Time Period | 3 Months [change] |
Direction | Moves Together |
Strength | Weak |
Accuracy | 100.0% |
Values | Daily Returns |
Chia vs. Lecron Energy Saving
Performance |
Timeline |
Chia |
Lecron Energy Saving |
Chia and Lecron Energy Volatility Contrast
Predicted Return Density |
Returns |
Pair Trading with Chia and Lecron Energy
The main advantage of trading using opposite Chia and Lecron Energy positions is that it hedges away some unsystematic risk. Because of two separate transactions, even if Chia position performs unexpectedly, Lecron Energy can make up some of the losses. Pair trading also minimizes risk from directional movements in the market. For example, if an entire industry or sector drops because of unexpected headlines, the short position in Lecron Energy will offset losses from the drop in Lecron Energy's long position.The idea behind Chia and Lecron Energy Saving pairs trading is to make the combined position market-neutral, meaning the overall market's direction will not affect its win or loss (or potential downside or upside).
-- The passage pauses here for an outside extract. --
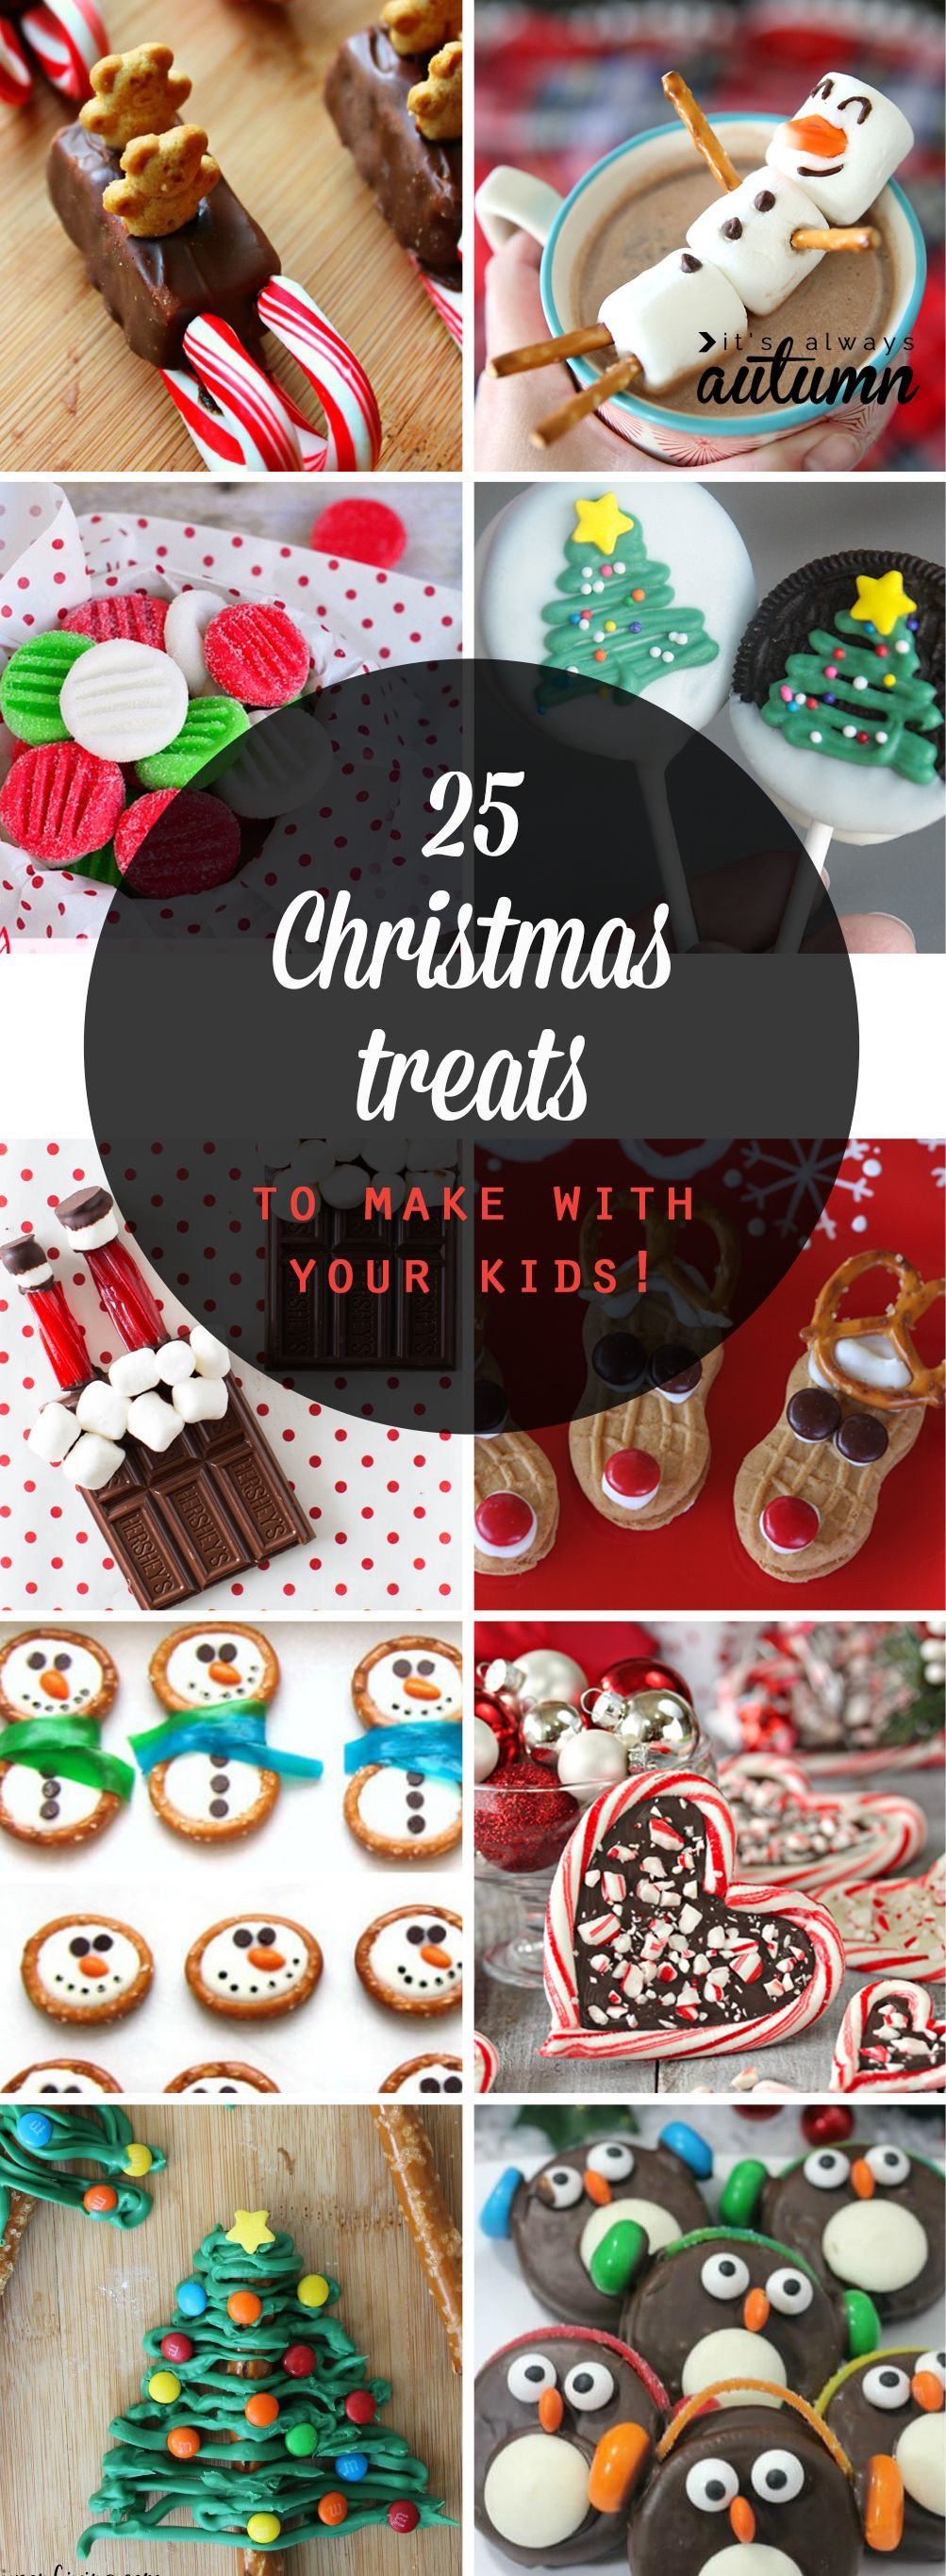 Easy Christmas Cookies To Make With Kids
 25 adorable Christmas treats to make with your kids

This can be achieved by designing a pairs trade with two highly correlated stocks or equities that operate in a similar space or sector, making it possible to obtain profits through simple and relatively low-risk investment.Lecron Energy vs. Hunan Investment Group | Lecron Energy vs. Zhongrun Resources Investment | Lecron Energy vs. Beijing Mainstreets Investment | Lecron Energy vs. Allwin Telecommunication Co |
Check out your portfolio center.Note that this page's information should be used as a complementary analysis to find the right mix of equity instruments to add to your existing portfolios or create a brand new portfolio. You can also try the ETFs module to find actively traded Exchange Traded Funds (ETF) from around the world.